* Dataset excerpt:
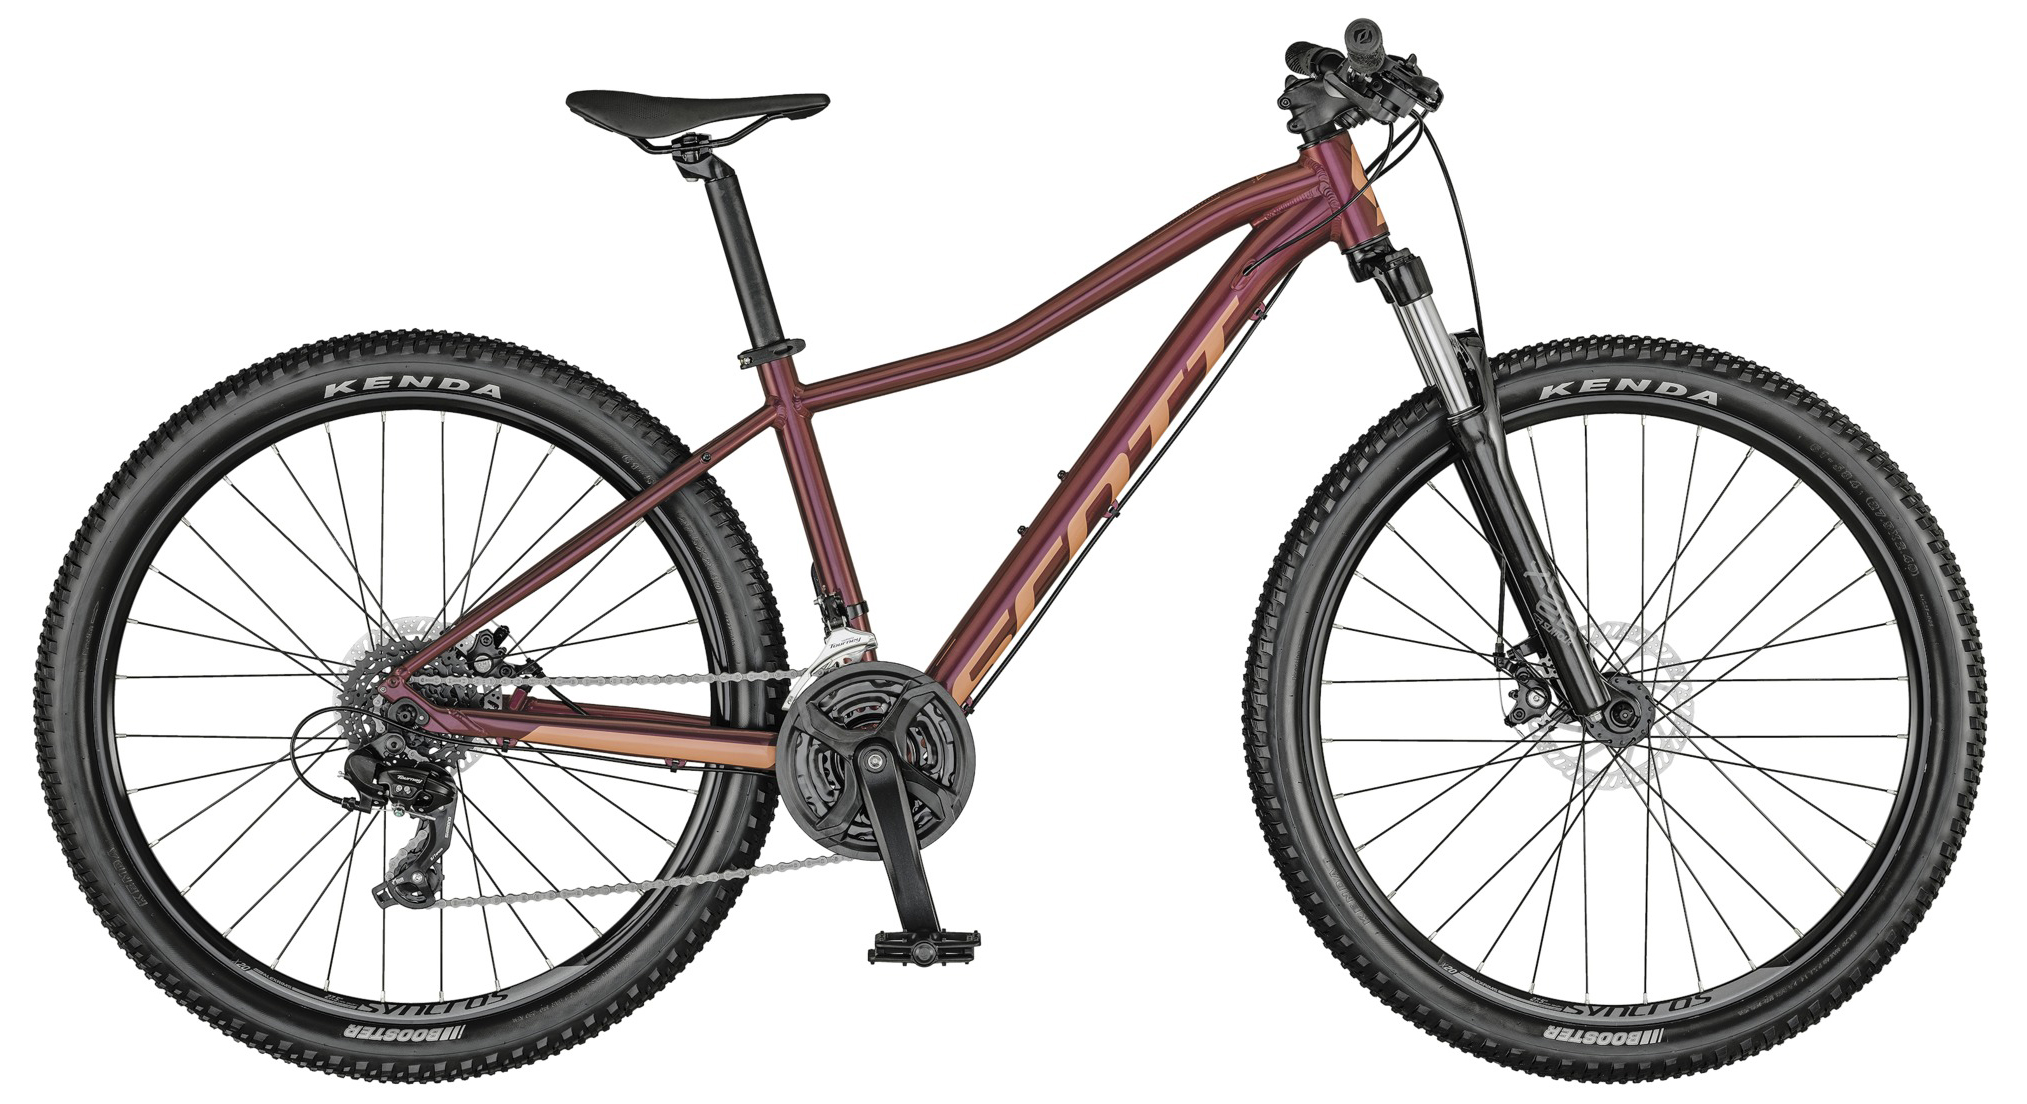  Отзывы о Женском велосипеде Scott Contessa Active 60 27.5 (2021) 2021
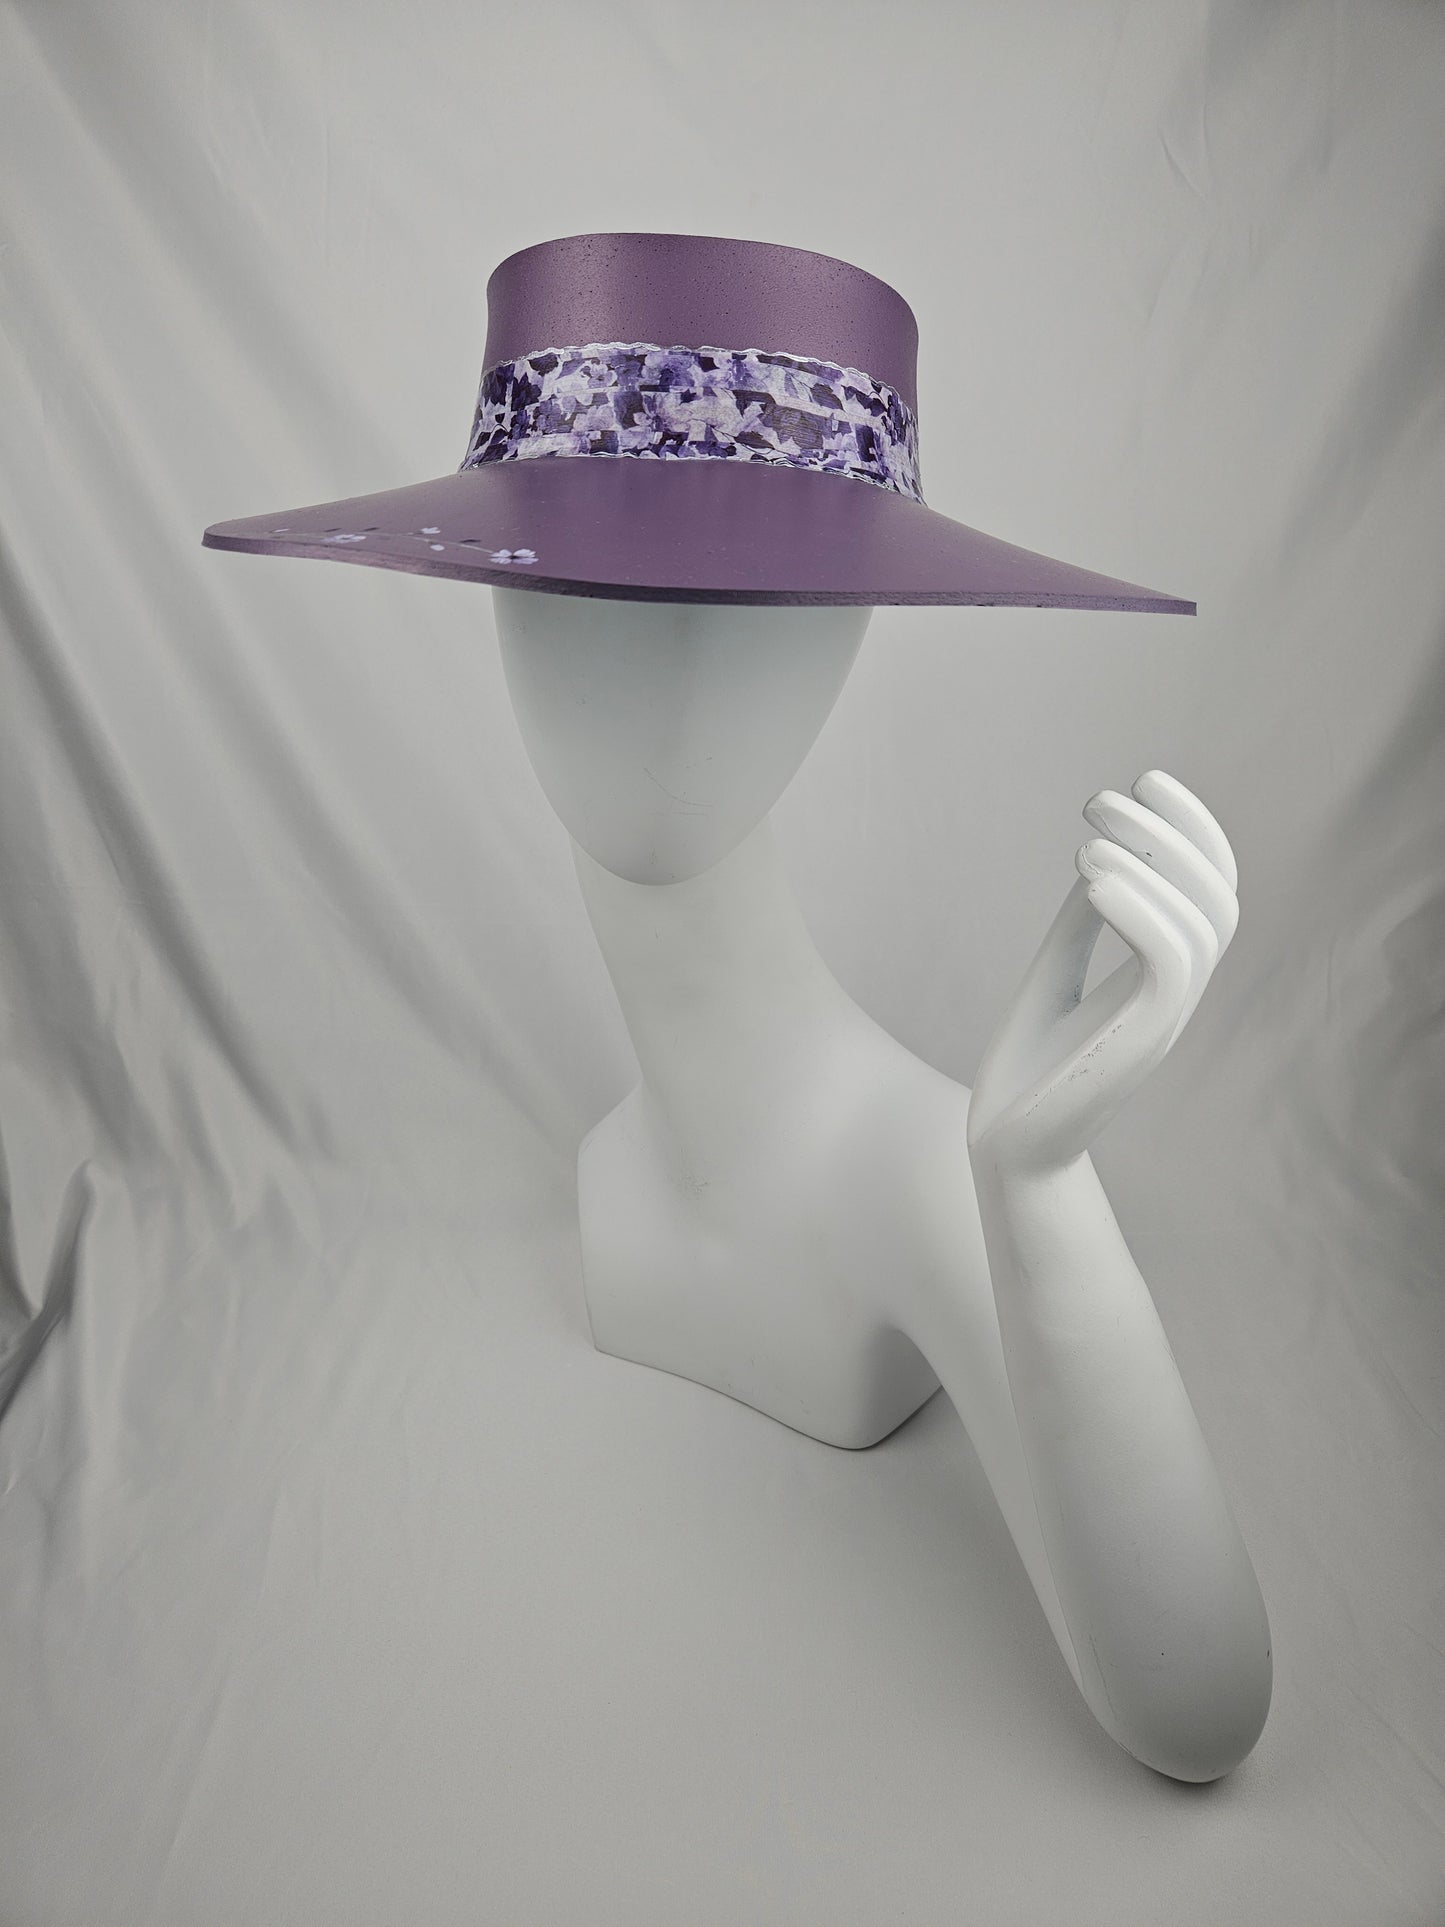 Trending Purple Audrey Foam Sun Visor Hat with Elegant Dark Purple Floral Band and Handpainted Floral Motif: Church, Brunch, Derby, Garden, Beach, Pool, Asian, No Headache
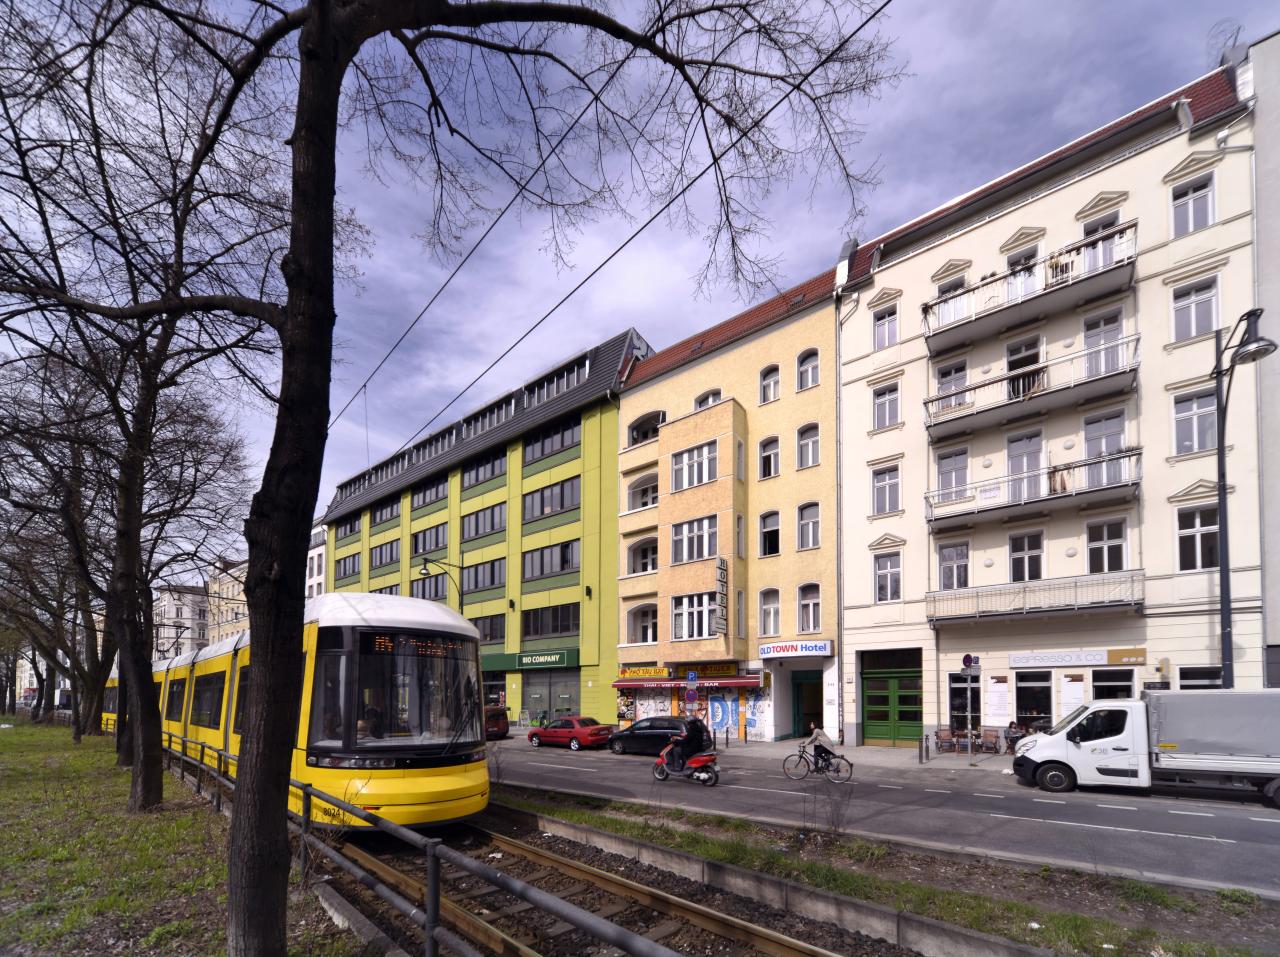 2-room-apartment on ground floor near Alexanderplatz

* Action item: Output the data exactly, pictures omitted.

* Task solution:
  Отзывы о Женском велосипеде Scott Contessa Active 60 27.5 (2021) 2021
 Trending Purple Audrey Foam Sun Visor Hat with Elegant Dark Purple Floral Band and Handpainted Floral Motif: Church, Brunch, Derby, Garden, Beach, Pool, Asian, No Headache
 2-room-apartment on ground floor near Alexanderplatz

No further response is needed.